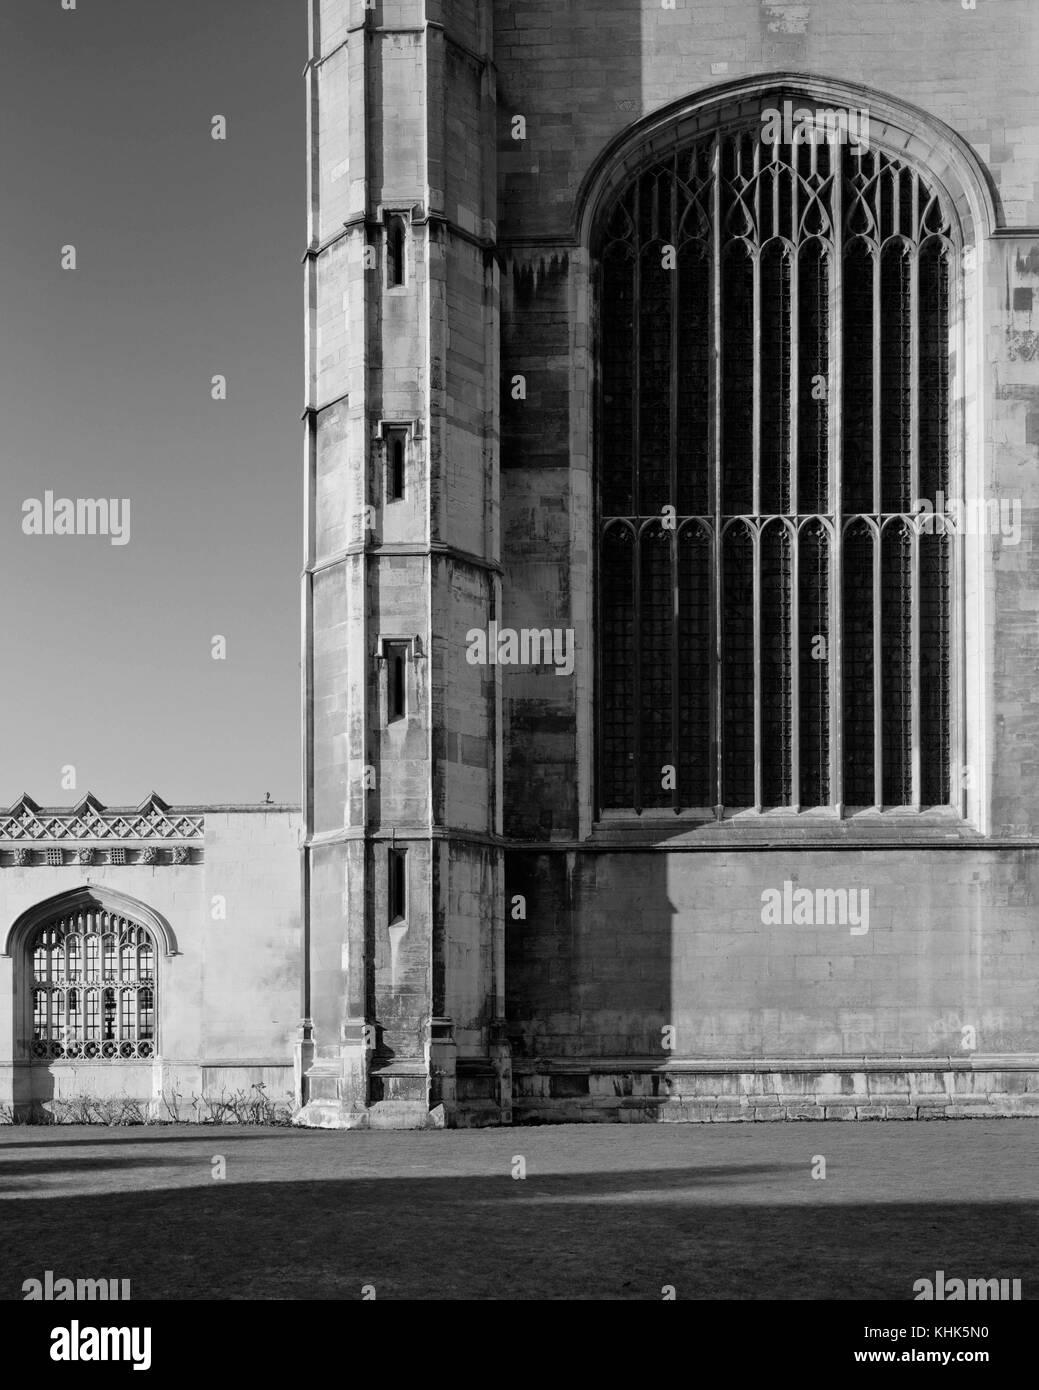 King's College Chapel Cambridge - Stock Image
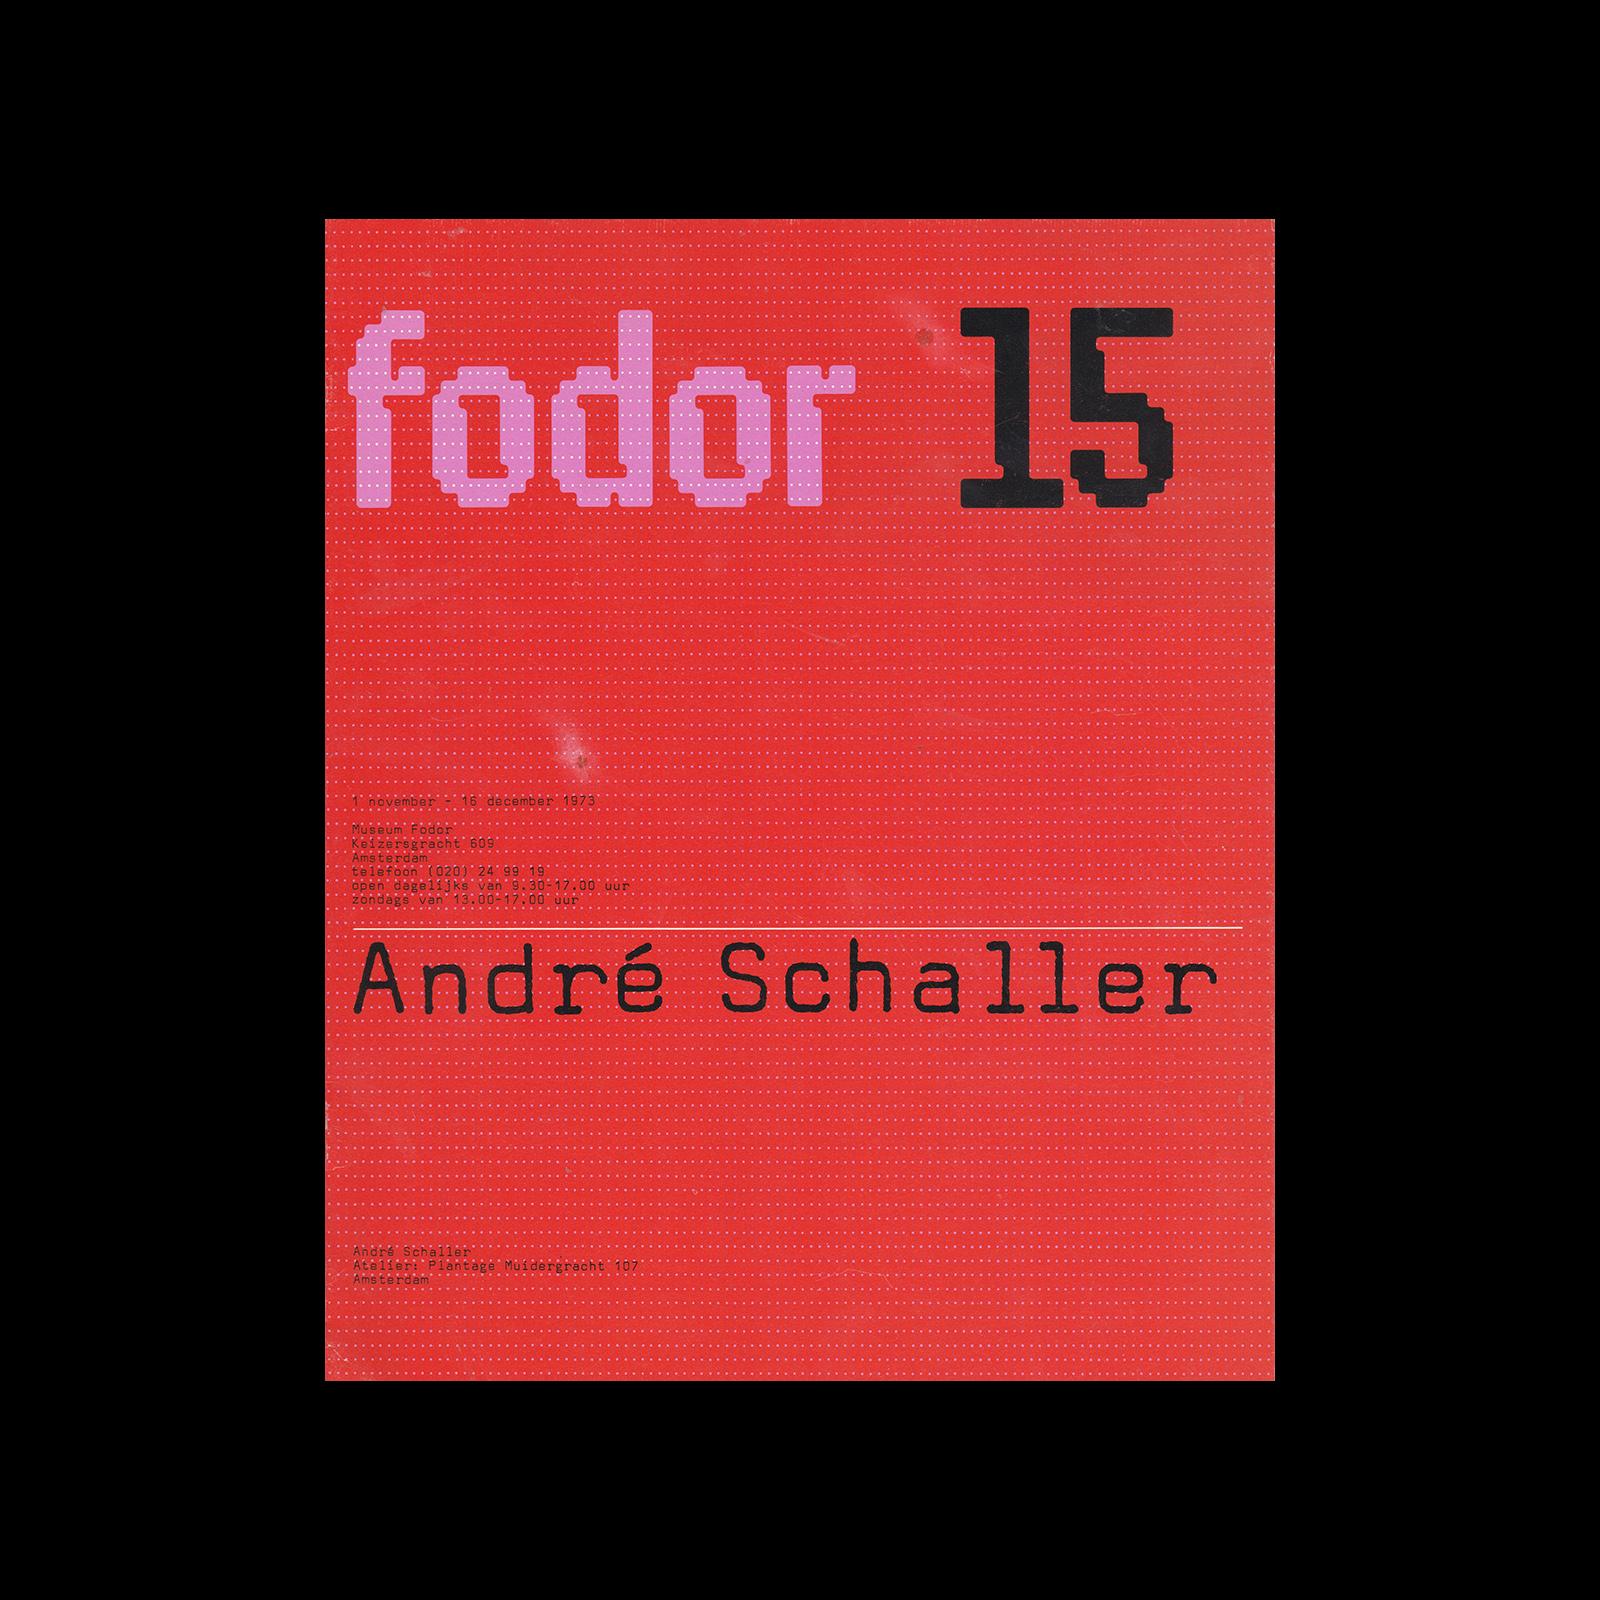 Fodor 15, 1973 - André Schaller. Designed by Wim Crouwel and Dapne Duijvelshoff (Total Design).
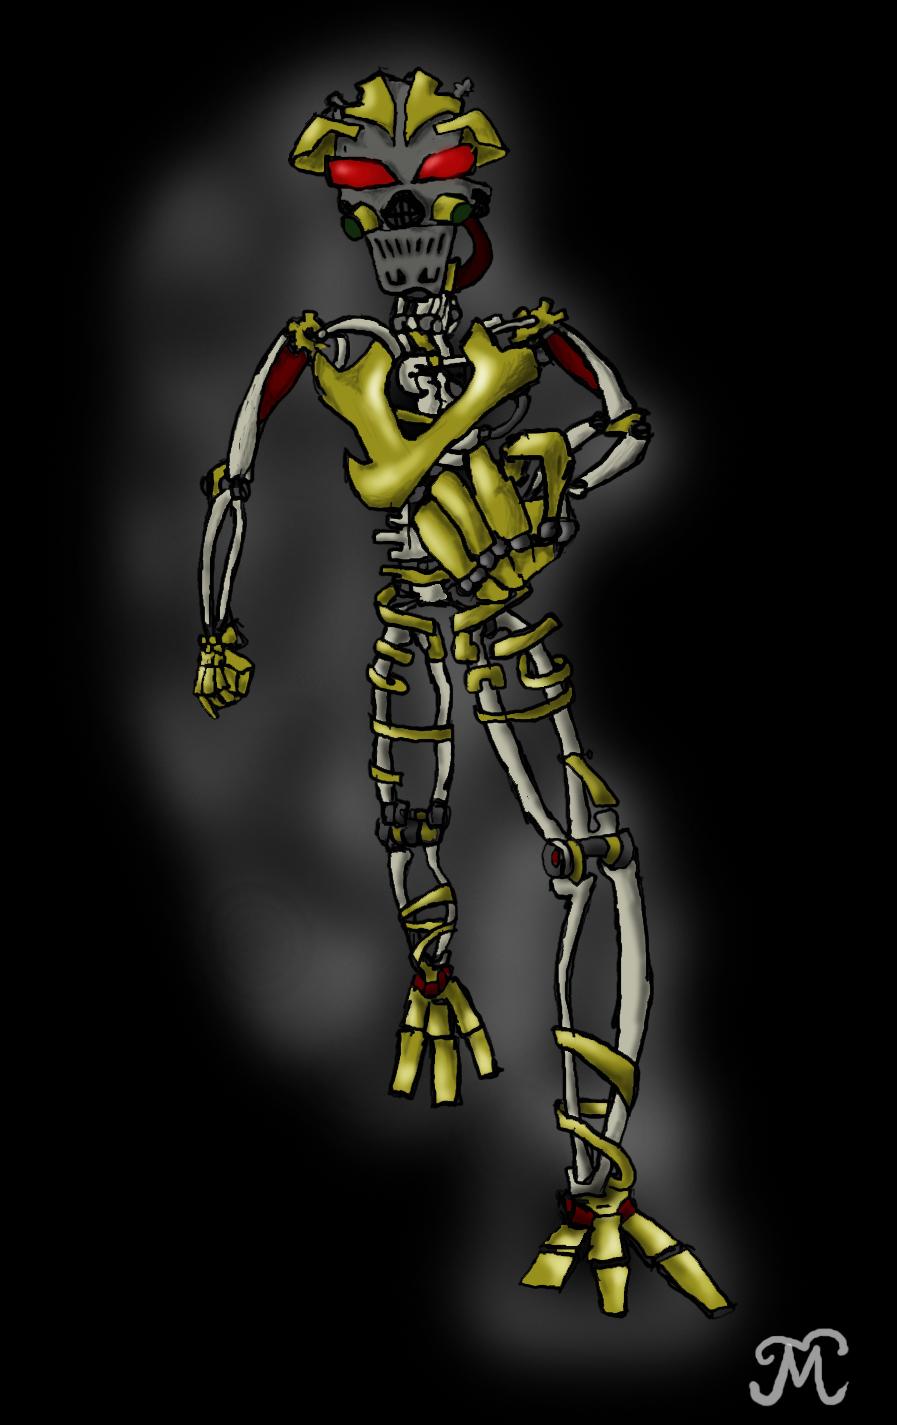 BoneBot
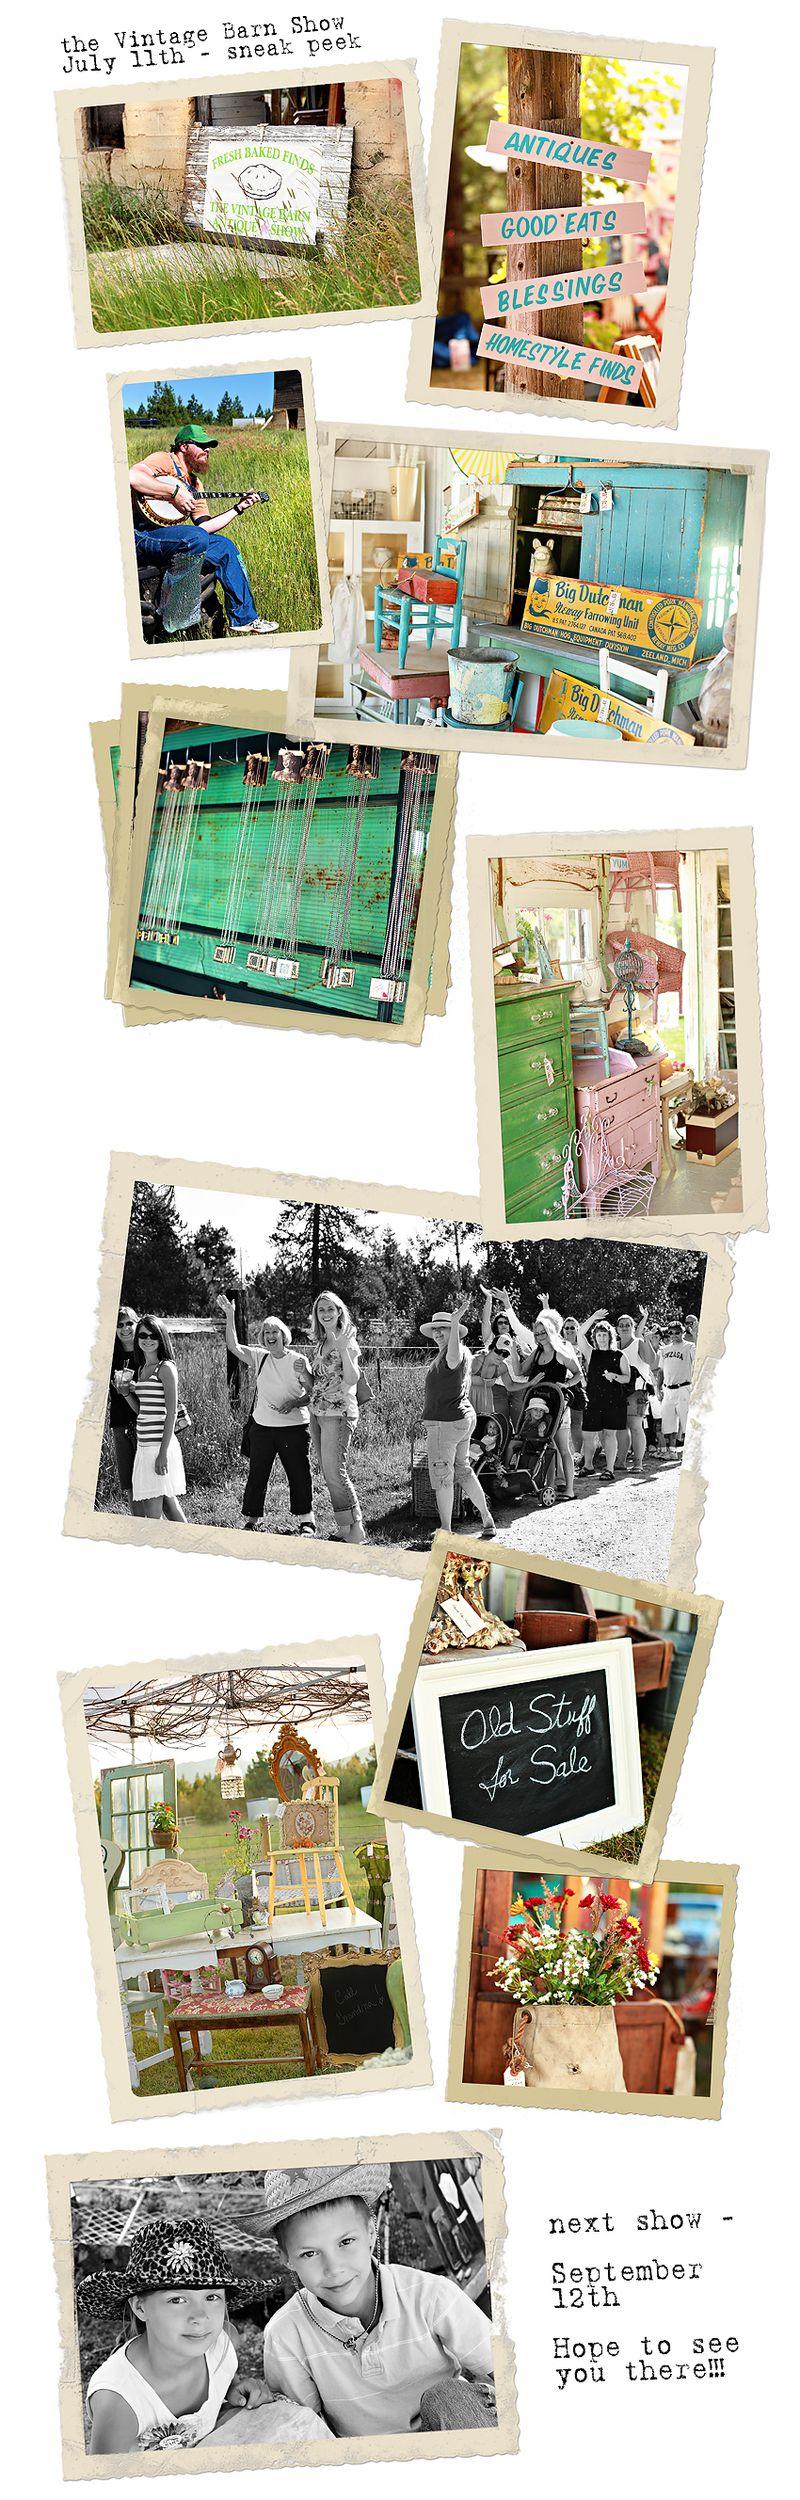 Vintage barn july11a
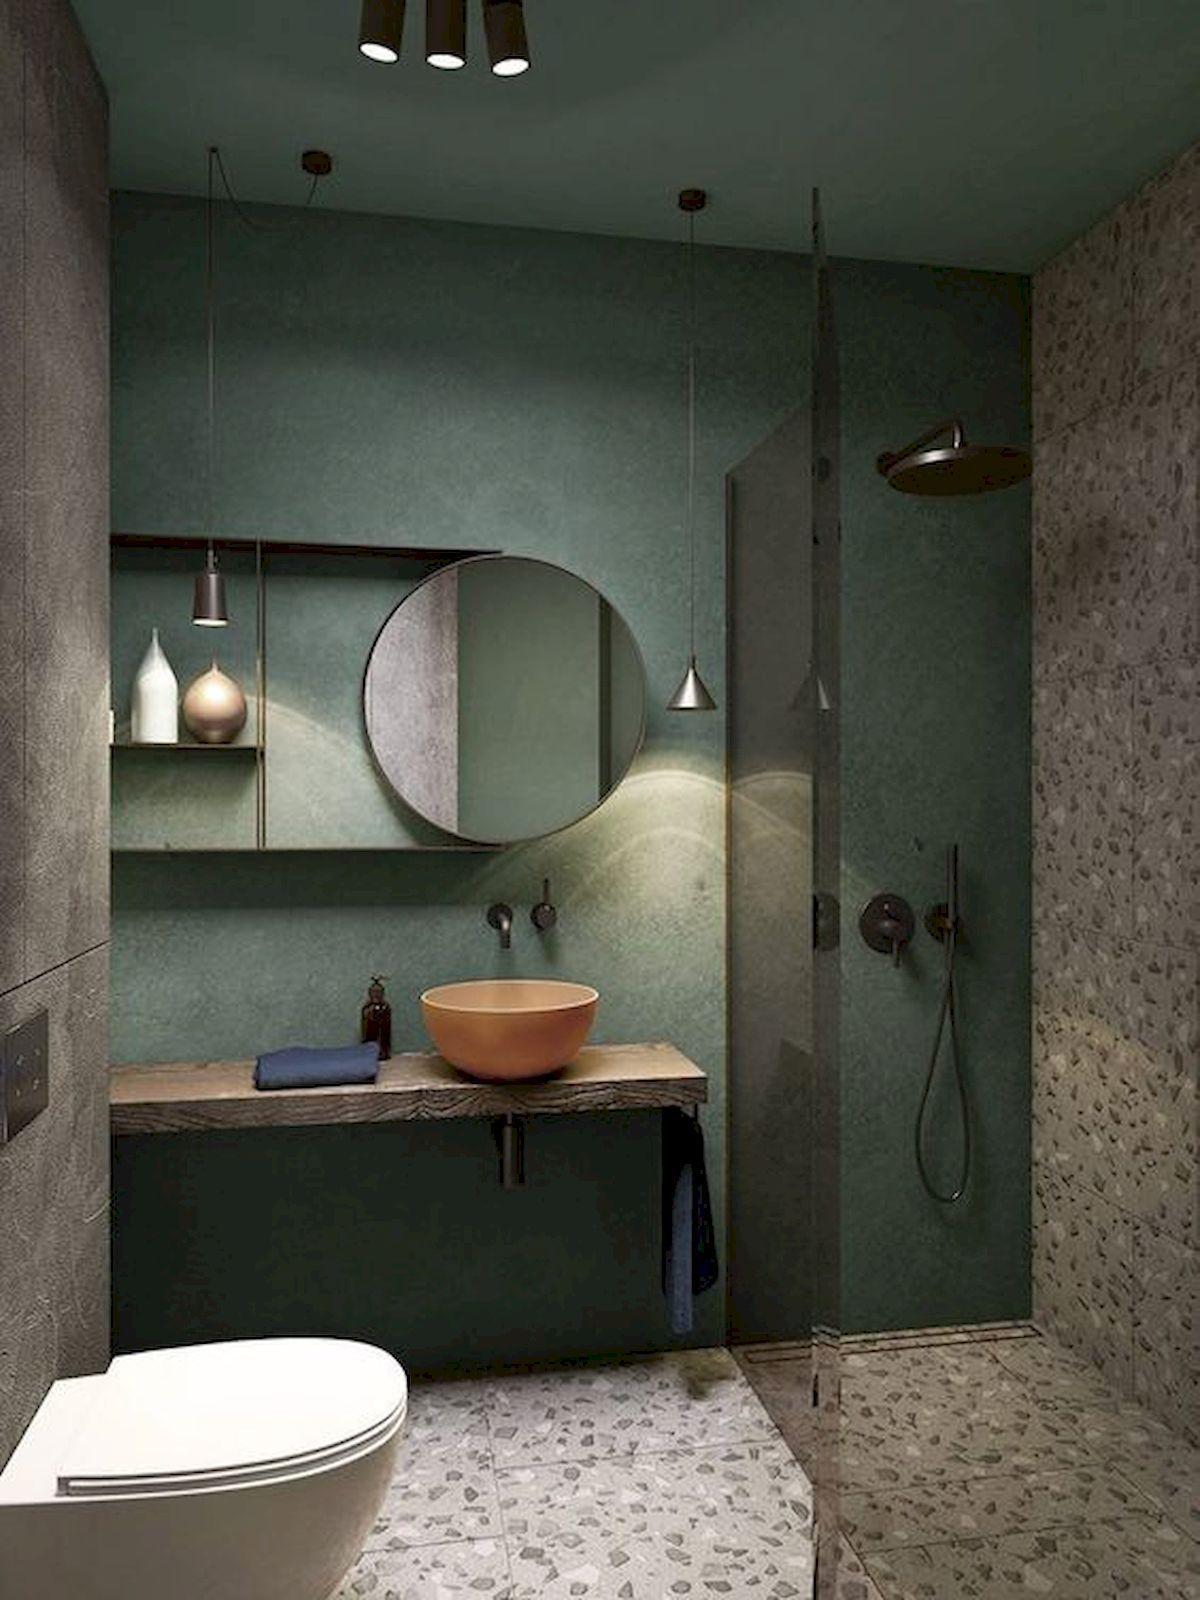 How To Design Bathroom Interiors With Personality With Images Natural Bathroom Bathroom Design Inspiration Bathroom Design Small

═══

**Exercise**
Leave out all images, then reproduce the entries above exactly.

**Answer to the problem**
 King's College Chapel Cambridge - Stock Image
 Fodor 15, 1973 - André Schaller. Designed by Wim Crouwel and Dapne Duijvelshoff (Total Design).
 BoneBot
 Vintage barn july11a
 How To Design Bathroom Interiors With Personality With Images Natural Bathroom Bathroom Design Inspiration Bathroom Design Small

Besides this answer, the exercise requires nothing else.